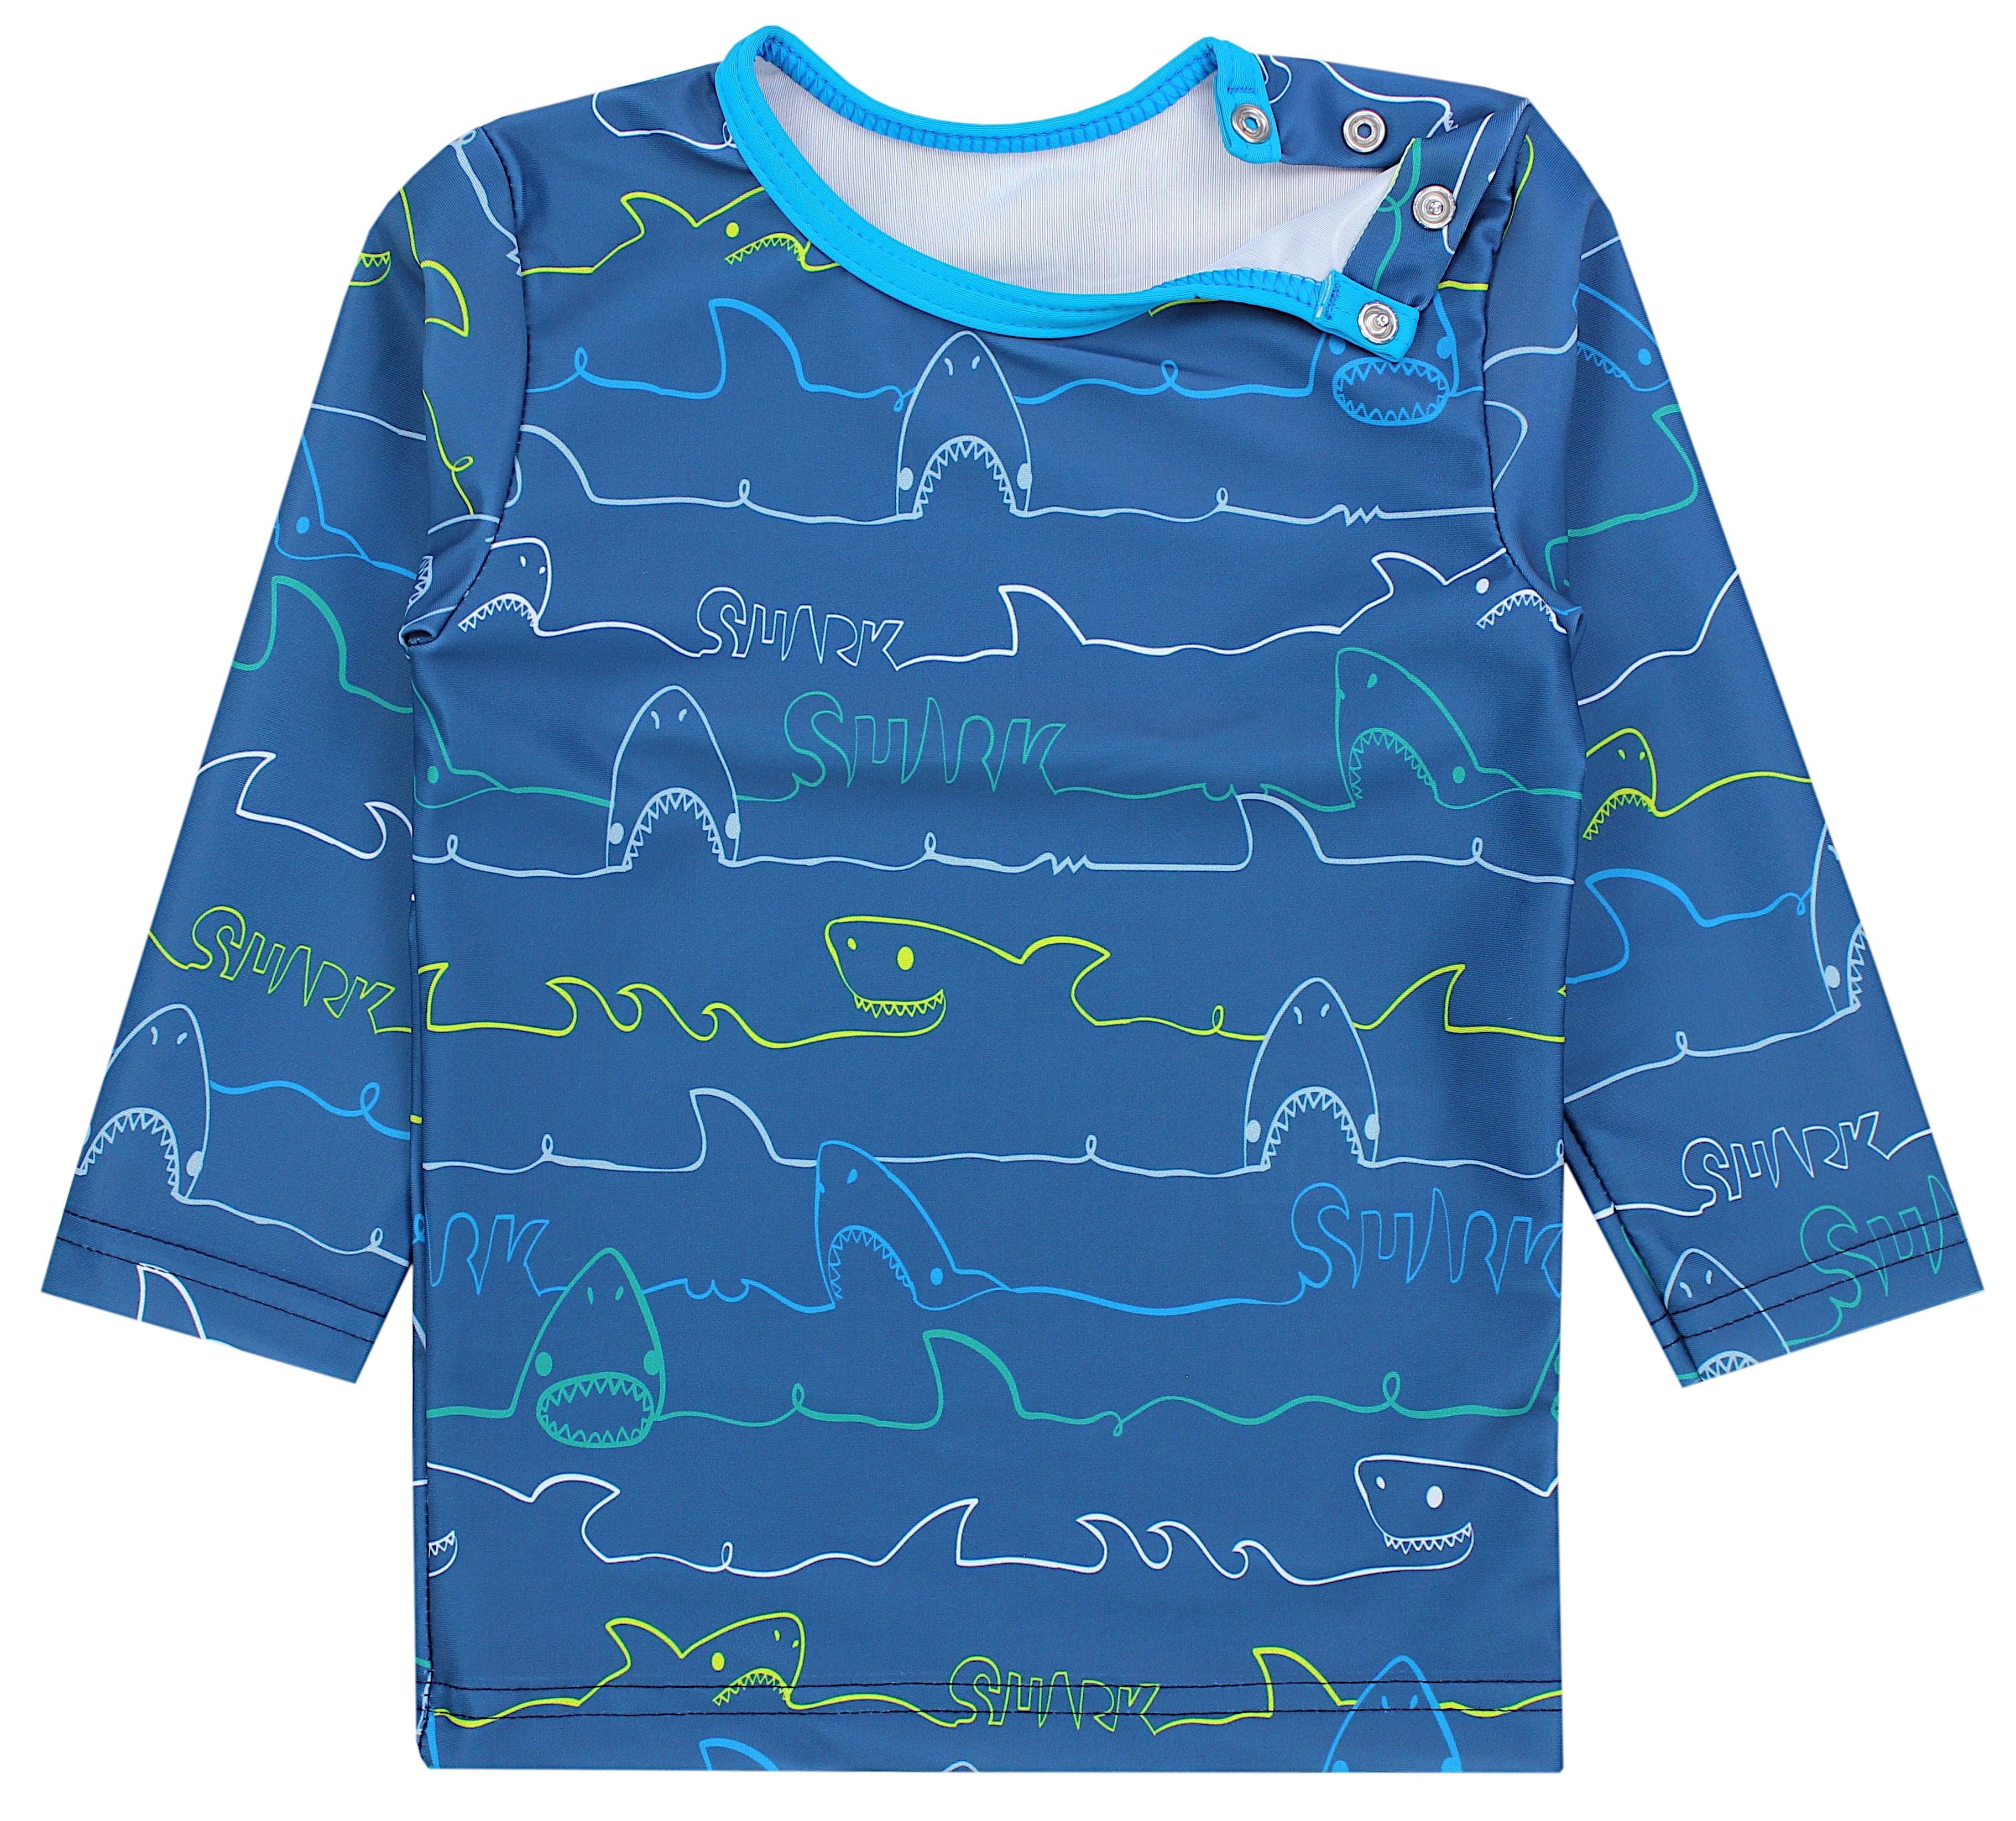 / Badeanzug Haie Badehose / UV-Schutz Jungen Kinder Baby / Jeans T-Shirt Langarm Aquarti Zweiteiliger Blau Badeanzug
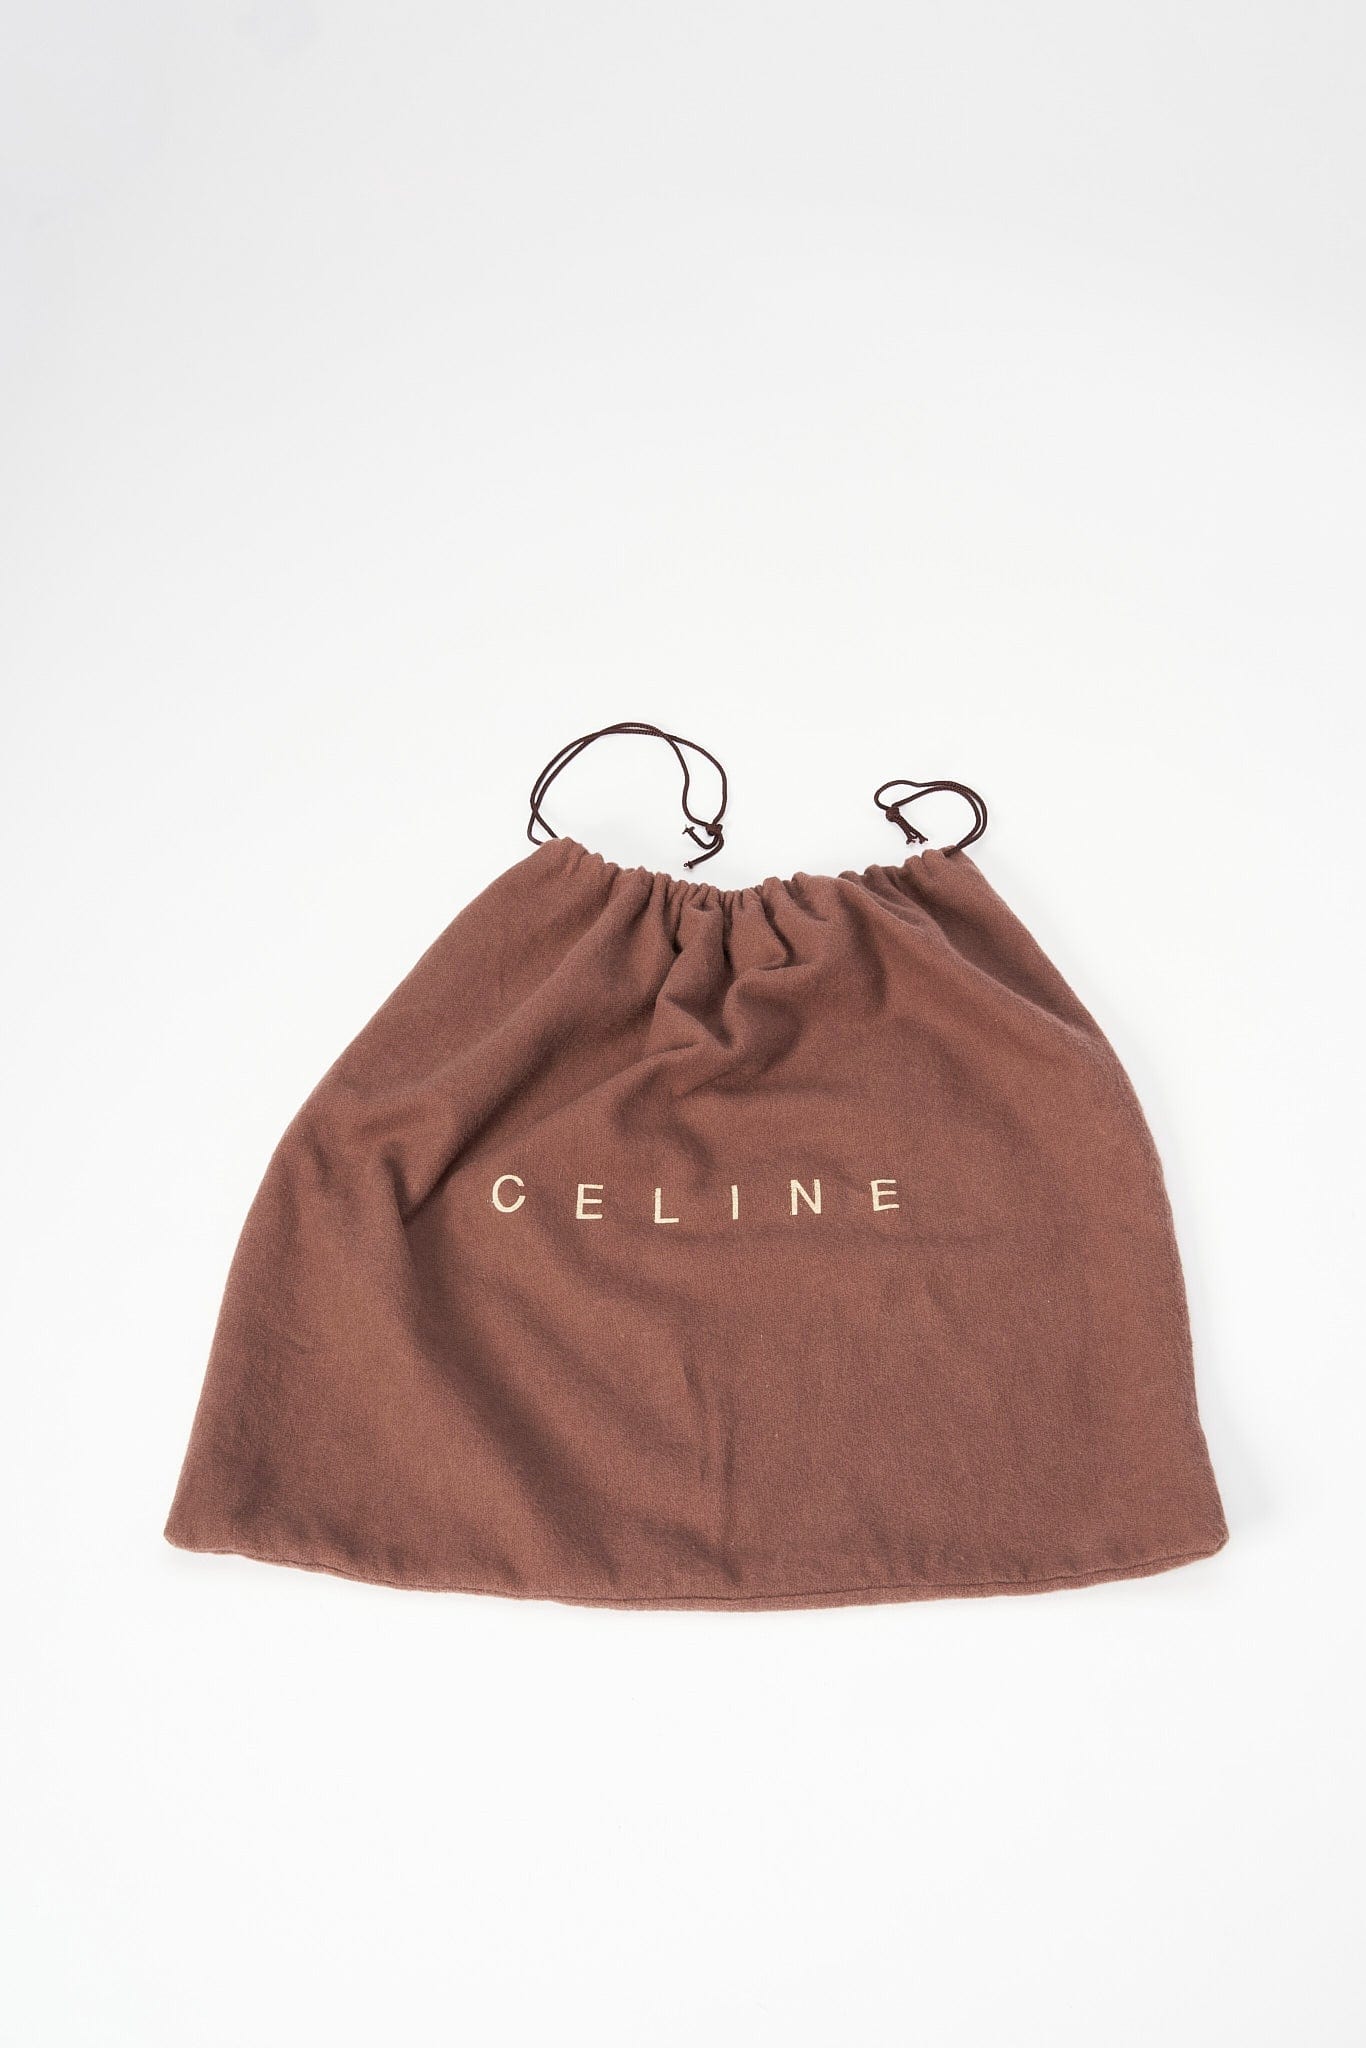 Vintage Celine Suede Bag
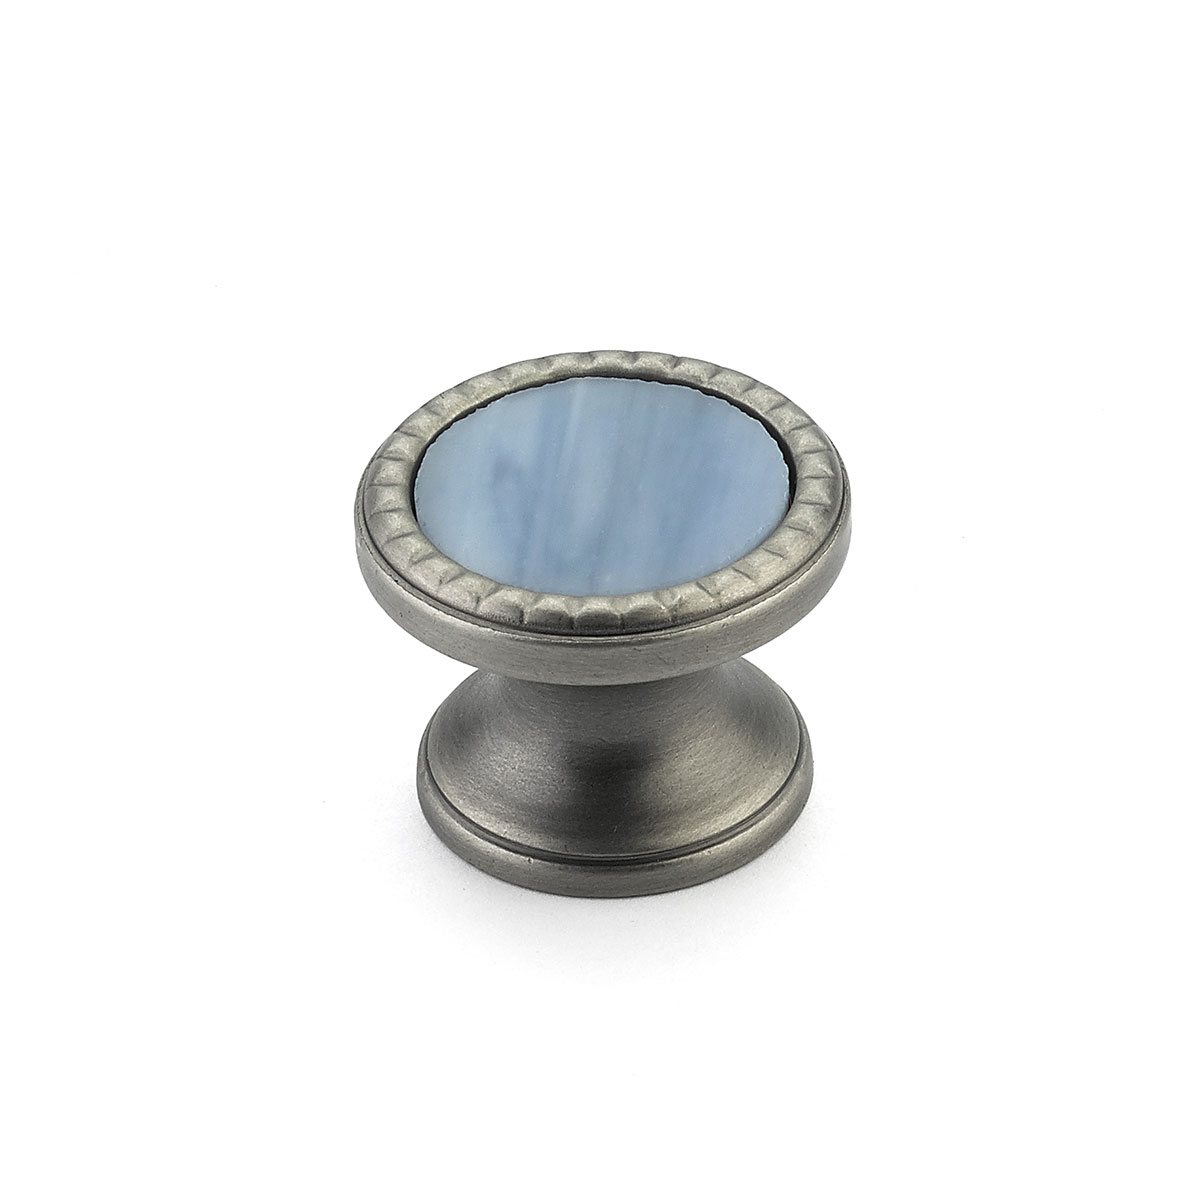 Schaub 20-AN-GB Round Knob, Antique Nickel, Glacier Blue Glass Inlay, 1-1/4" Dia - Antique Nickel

□ □ □ □

Write out the lines of the material from the one containing "Vintage Celine Suede Bag" through the last, exactly and only those. Leave every picture out.

> **Answer area**:
 Vintage Celine Suede Bag
 Schaub 20-AN-GB Round Knob, Antique Nickel, Glacier Blue Glass Inlay, 1-1/4" Dia - Antique Nickel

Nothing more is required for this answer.